→ **DATA SHOWN**
%%

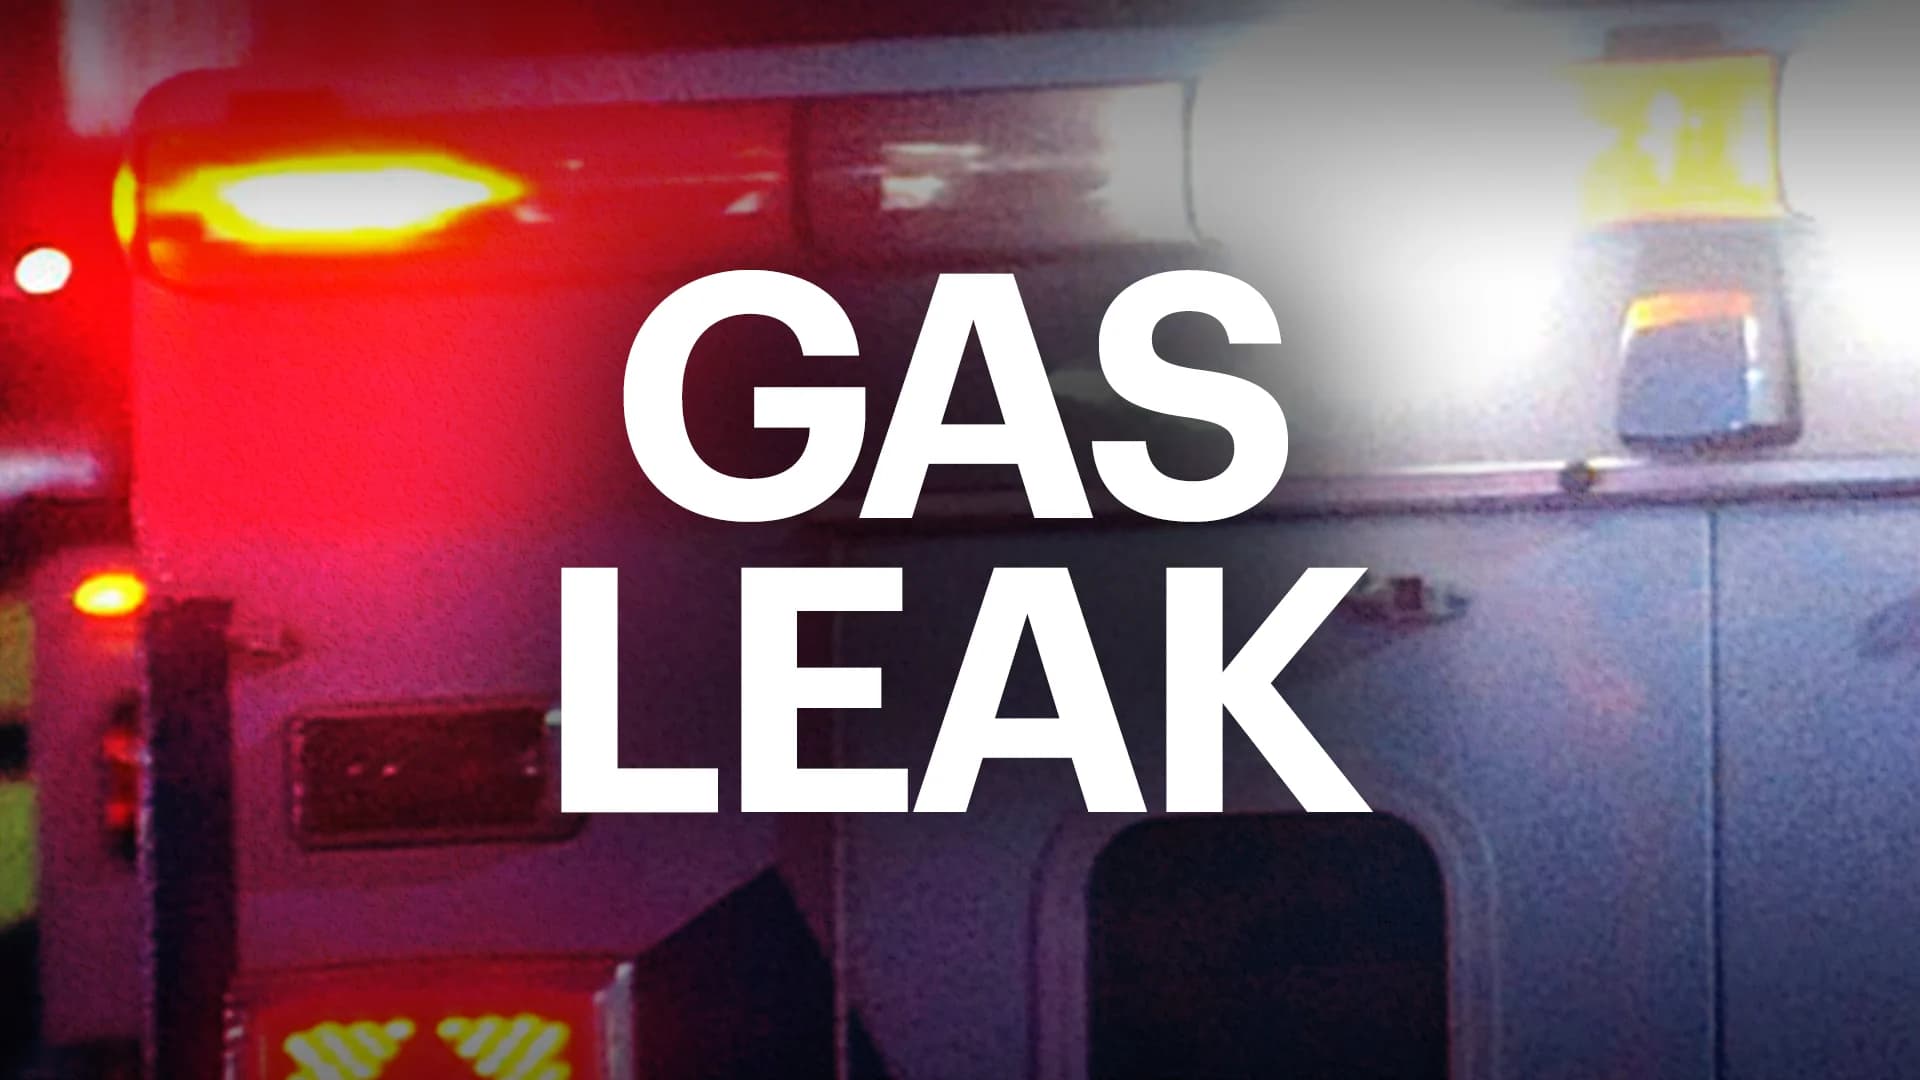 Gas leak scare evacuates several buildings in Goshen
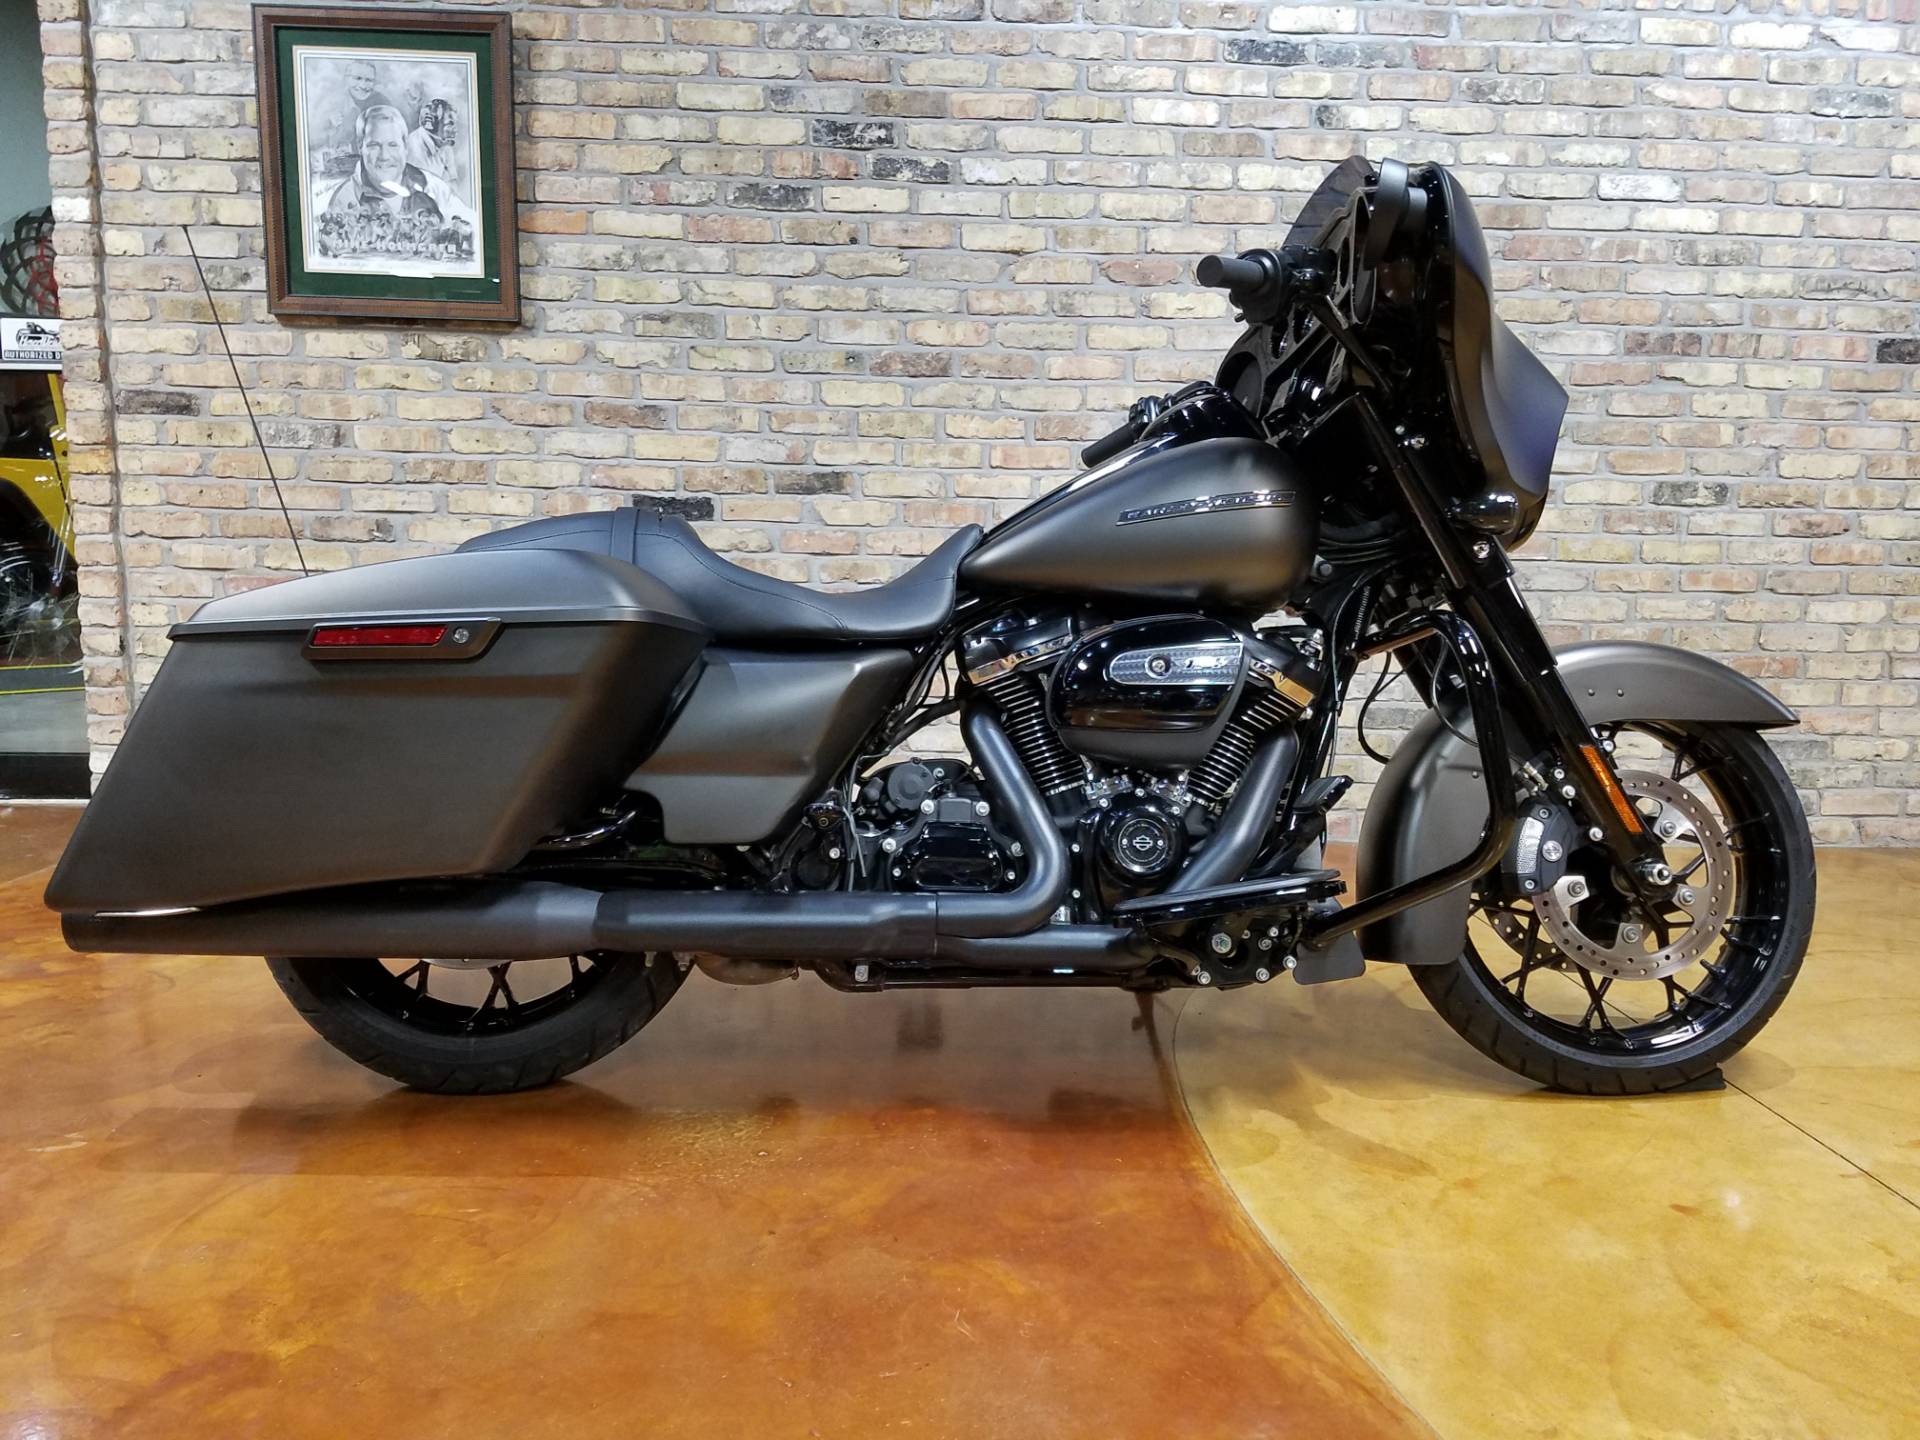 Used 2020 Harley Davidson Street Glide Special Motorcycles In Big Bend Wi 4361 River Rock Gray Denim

%%
%%

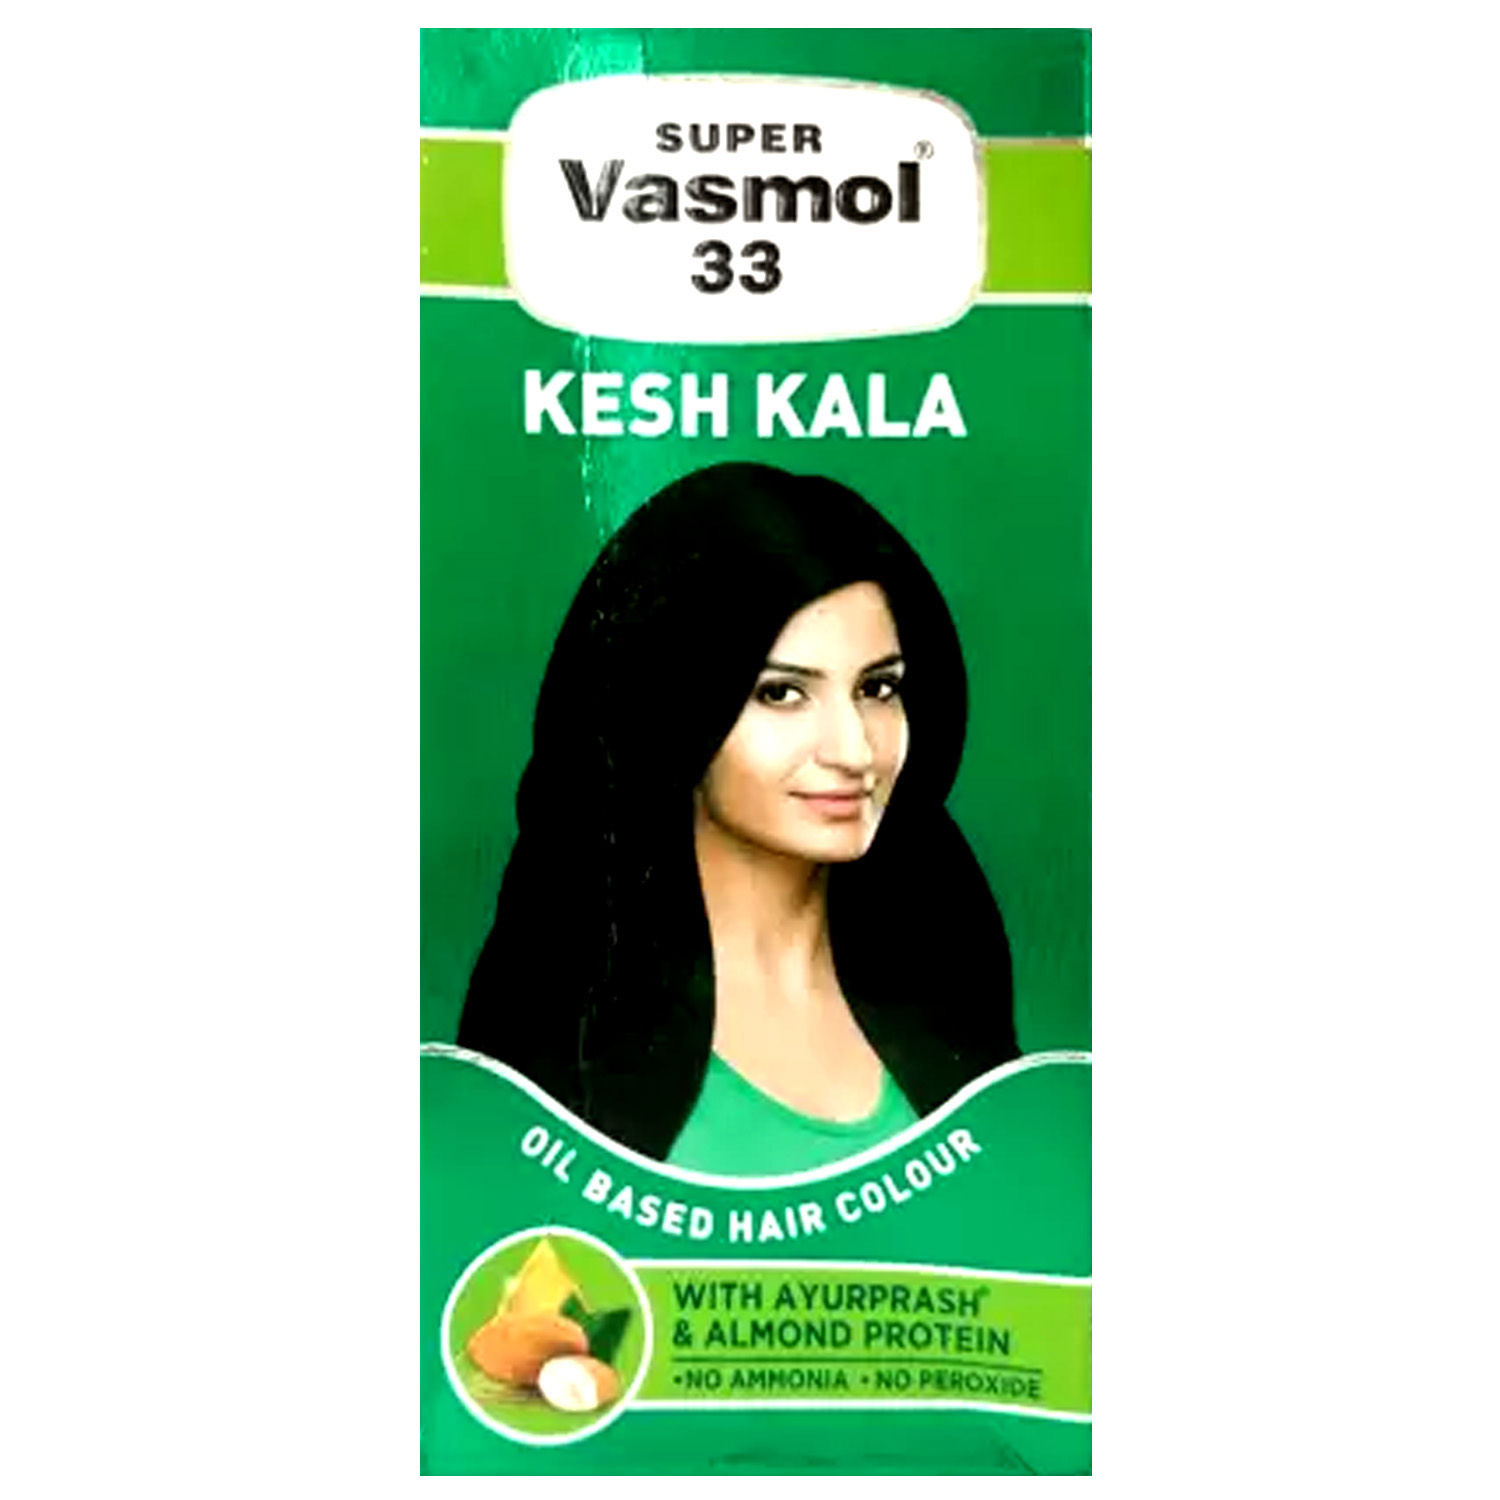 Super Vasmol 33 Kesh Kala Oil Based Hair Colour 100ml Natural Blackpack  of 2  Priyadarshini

%%

→ **WHAT IS BEING ASKED**
Beginning with the line above that has "Gas leak scare" and going on through the line that has "Used 2020 Harley", retype every line exactly and add nothing else; drop the pictures.

→ **RESPONSE FOR THIS EXERCISE**
 Gas leak scare evacuates several buildings in Goshen
 Used 2020 Harley Davidson Street Glide Special Motorcycles In Big Bend Wi 4361 River Rock Gray Denim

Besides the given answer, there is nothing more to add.